Je suis passé chez Saïd, non pas en entrant par le bistrot qui était fermé, mais en empruntant la cour intérieure où était rangée sa Honda. Il m’a ouvert sans surprise. À ses yeux, j’ai compris qu’il était au courant de ce qui était arrivé à Farida et qu’il ne m’en tenait pas rigueur. Nous nous sommes installés dans l’arrière-salle. Saïd s’est gratté l’estomac sous sa vilaine chemise hawaïenne. Il a observé :

— Tu as dormi dans des cartons ?

— Pas dormi. Il me faut ta caisse. Pas pour longtemps.

— Calhoune est passée.

— Je sais.

— Seule. Elle voulait te parler. Urgent et important.

— Il n’y a plus rien d’urgent ni d’important. Elle était seule ?

— Seule. Je l’ai prise pour Léon.

— Pour Léon ?

— Calhoune était sapée voyou.

— Quelle idée.

Il m’a donné les clés de voiture. Nous sommes sortis par-derrière et il m’a ouvert le portail. Je suis tombé sur les embouteillages du périphérique et j’ai roulé presque au pas jusque bien après la bretelle d’Orly, en surveillant les rétroviseurs dans lesquels je n’ai rien noté de particulier. Je me suis arrêté sur l’aire des Lisses. Le ciel était d’un bleu doux qui avait encore quelque chose d’automnal, bien que l’automne fût déjà passé. J’ai examiné les bas de caisses, les passages de roues, partout où les flics avaient coutume de poser une balise radio qui permet une filature à distance, une filature de l’autre côté de la ligne d’horizon. Pas de ventouse. Assis sur le capot tiède, j’ai fumé une cigarette sans qu’on s’intéresse à moi, pas plus une Pontiac qu’une moto ou qu’une petite voiture de poursuite rapide. Dans les champs, les creux étaient remplis de gelée blanche.

Je suis allé jusqu’au point téléphone et j’ai appelé Bess :

— J’aimerais vous voir.

— Bien sûr. Quand ?

— Tout de suite.

— Venez.

— Merci, Bess.

J’ai raccroché. Le peu de ferraille que j’avais, je l’ai utilisée à copier les bonnes feuilles du carnet de Franck en plusieurs exemplaires. Les copies étaient meilleures que je l’aurais pensé pour une telle machine dont tout le monde se sert. Leur contenu était explicite. La fille qui tenait la caisse de la boutique m’a adressé une mimique désabusée qui ne voulait rien dire. Elle était construite comme un avion torpilleur et ne l’ignorait pas. Il m’aurait fallu plus de temps pour donner suite.

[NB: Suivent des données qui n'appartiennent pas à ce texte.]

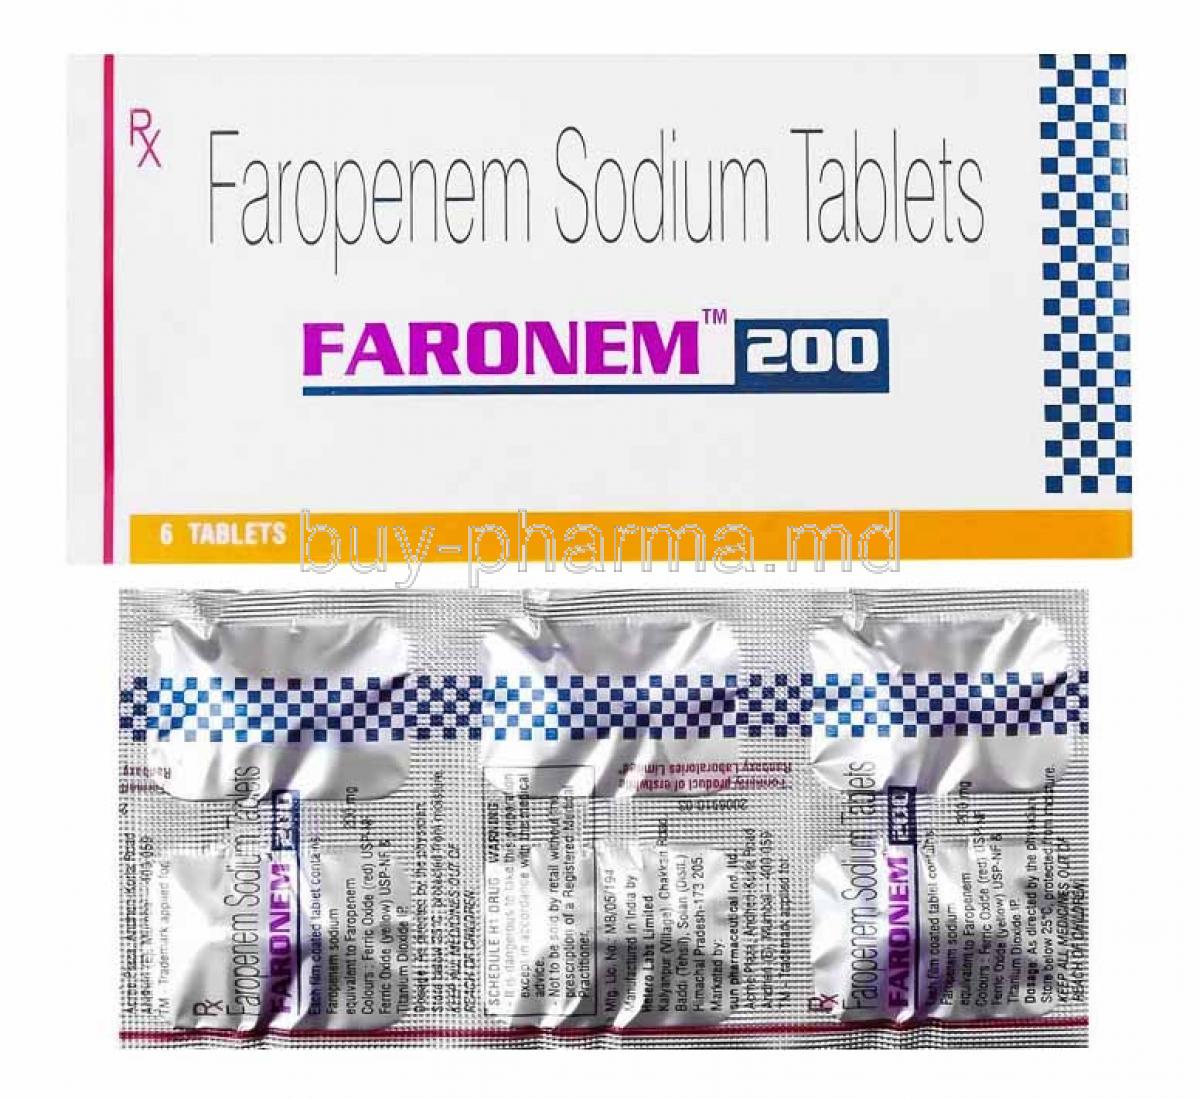 Faronem, Faropenem box and tablets

Avant de démarrer la Honda, j’ai enfilé mes lunettes noires. Trop de soleil, mon pote… J’ai roulé plus vite, puis très au-dessous de l’allure autorisée et de nouveau très vite, jusqu’à la sortie de Fontainebleau où j’ai pris à droite au ras d’un camion. Je me suis encore arrêté dans une allée cavalière où je suis resté embossé dix minutes sans quitter la voiture, ni couper le moteur, à écouter la radio sans y prêter attention tout en surveillant la route. Personne. On avait décidé de me laisser la bride sur le cou. Je l’avais fait souvent, mais toujours lorsque j’avais eu la certitude absolue de pouvoir remonter le poisson au moment voulu, lorsque je savais que sa marge de manœuvre réelle était à peu de chose près égale à zéro, et qu’il était déjà ferré, le leurre bien au fond de la gorge, déjà clouté.

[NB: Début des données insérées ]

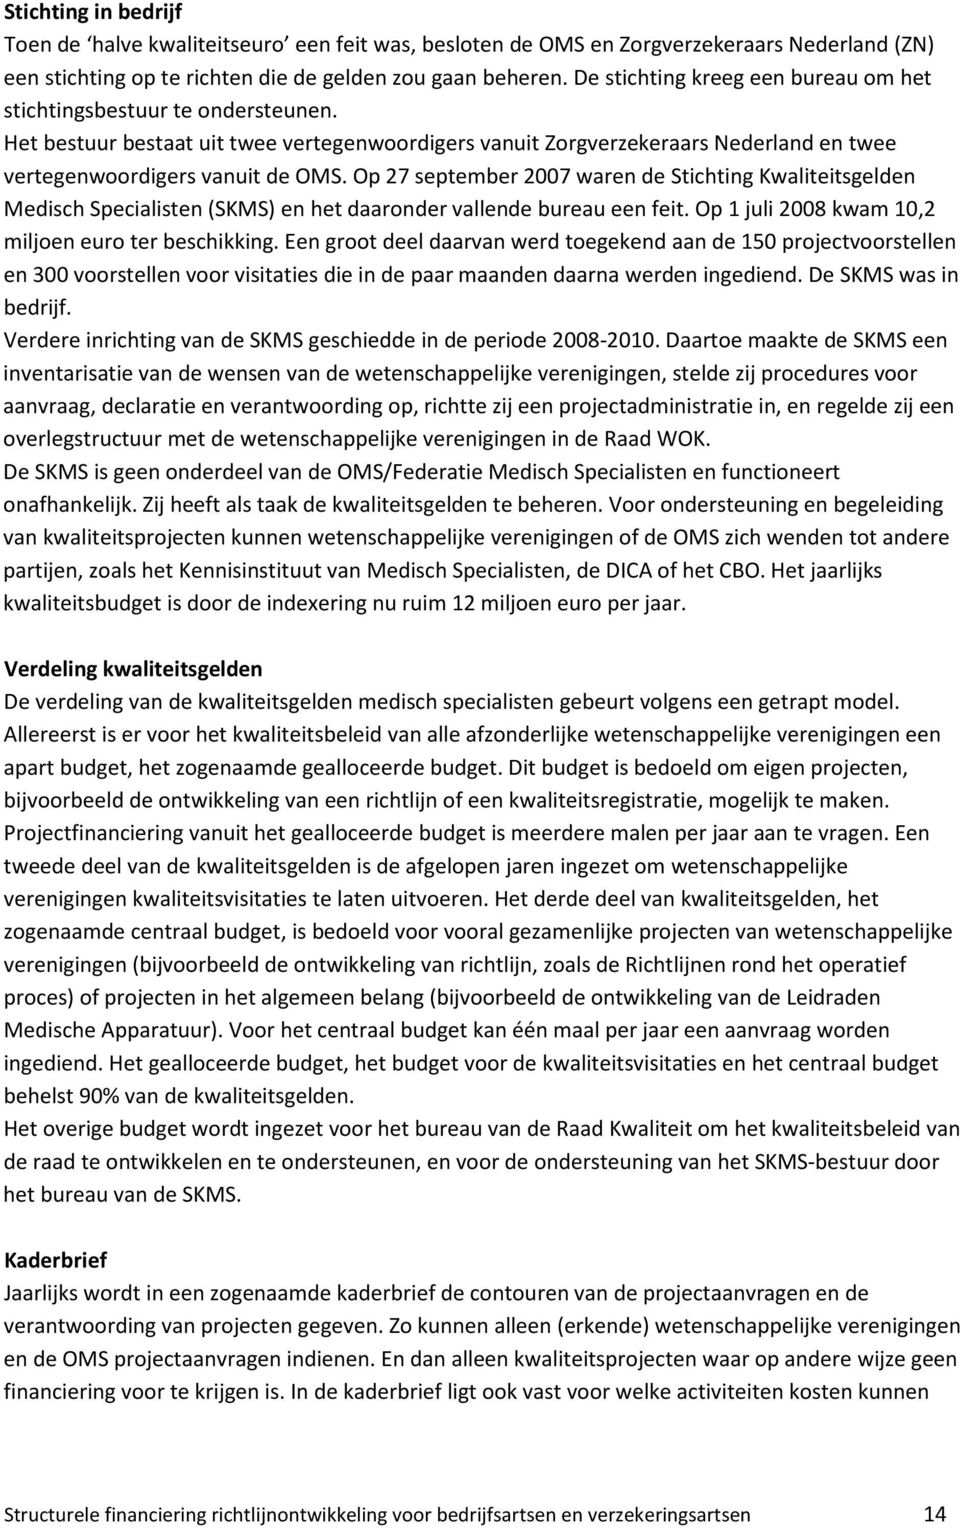 Op 27 september 2007 waren de Stichting Kwaliteitsgelden Medisch Specialisten (SKMS) en het daaronder vallende bureau een feit. Op 1 juli 2008 kwam 10,2 miljoen euro ter beschikking.

Après Fontainebleau, je me suis arrêté dans un village. J’ai acheté une forte enveloppe kraft, j’y ai glissé le carnet et la vendeuse m’a aidé à la refermer et à en renforcer les bords avec de la bande adhésive qui sert habituellement aux cartons d’emballage. Du bureau local, je me suis expédié le paquet en poste restante à mon nom, dans un bureau du XXe où je n’allais pas souvent, et jamais pour y prendre du courrier. C’était tout ce que je pouvais imaginer. Il m’est juste resté de quoi acheter deux paquets de Camel sans filtre au bistrot qui faisait tabac, dépôt de presse, et dans une moindre mesure épicerie-mercerie.

Quelques nuages diffus sont venus masquer le soleil par instants, sans animosité ni réelle intention de nuire. J’ai encore un peu roulé, sur plusieurs kilomètres derrière une citerne de gaz qui a fini par me laisser le champ libre en prenant à gauche, puis sur une route vide, et enfin j’ai pris le chemin qui conduisait chez Franck.

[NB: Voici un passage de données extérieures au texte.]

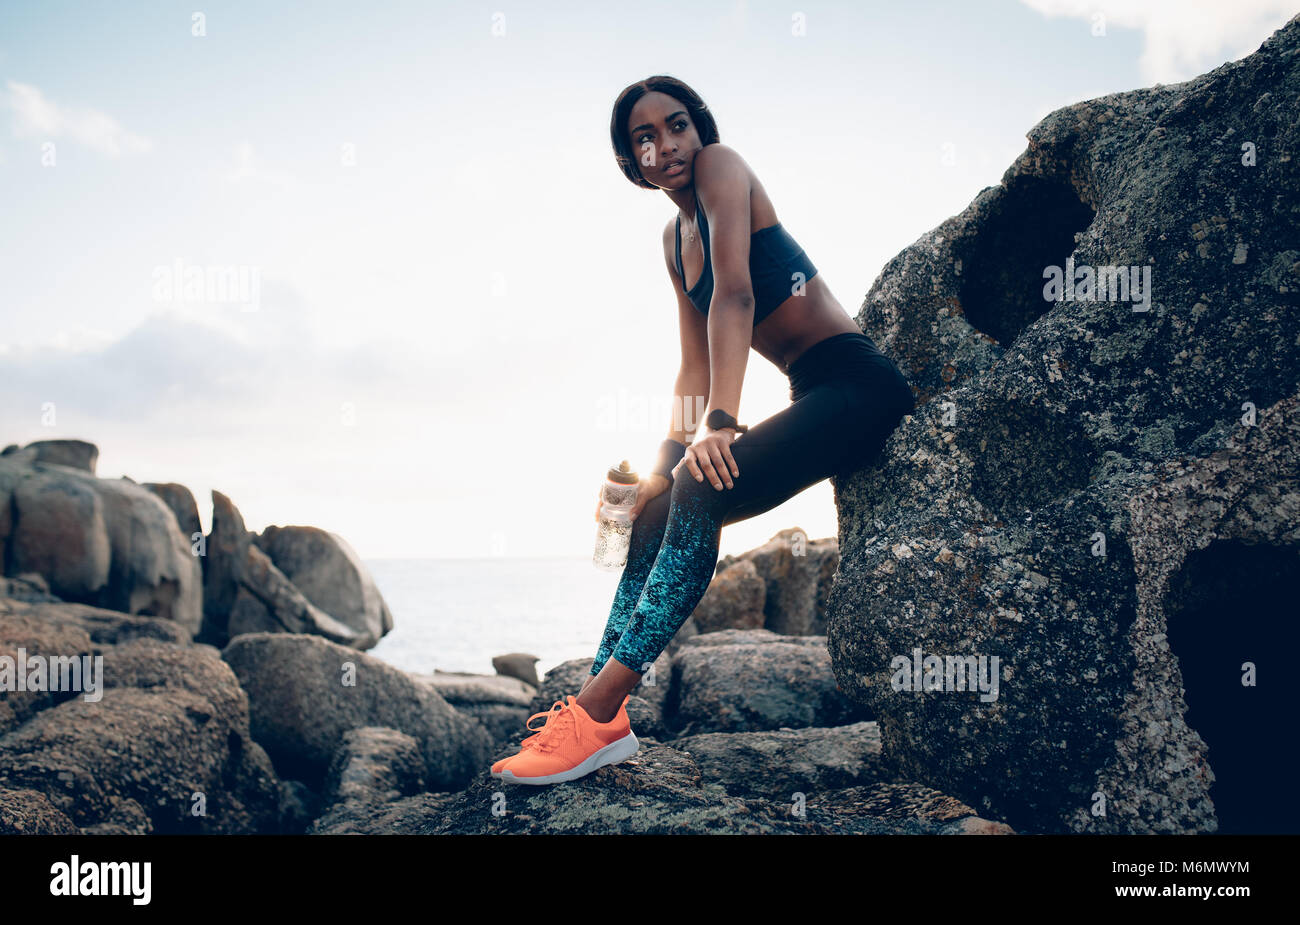 Fitness Frau mit einer Flasche Wasser ruhen über einen Felsen. Weibchen mit schlanken Körper Entspannung nach dem Training im Freien. Stockfoto

C’était maintenant, la fin de la route.

J’ai coupé le contact en haut de l’allée. La maison était grande, basse et de plain-pied. Certains soirs d’été, des myriades d’hirondelles s’ébattaient dans le ciel alentour en lançant de brefs cris aigus comme de minuscules déchirures qui zébraient le silence. La façade donnait au sud, et l’arrière sur un bois de pins qui couvrait la colline et dévalait encore plus loin, jusqu’à des bosquets de bouleaux et de jeunes chênes qui faisaient toujours partie de la propriété. J’ai fait le tour. Le parc était à l’abandon et le fond de la piscine jonché de feuilles mortes depuis longtemps. Les anciennes serres étaient vides et bon nombre de carreaux cassés.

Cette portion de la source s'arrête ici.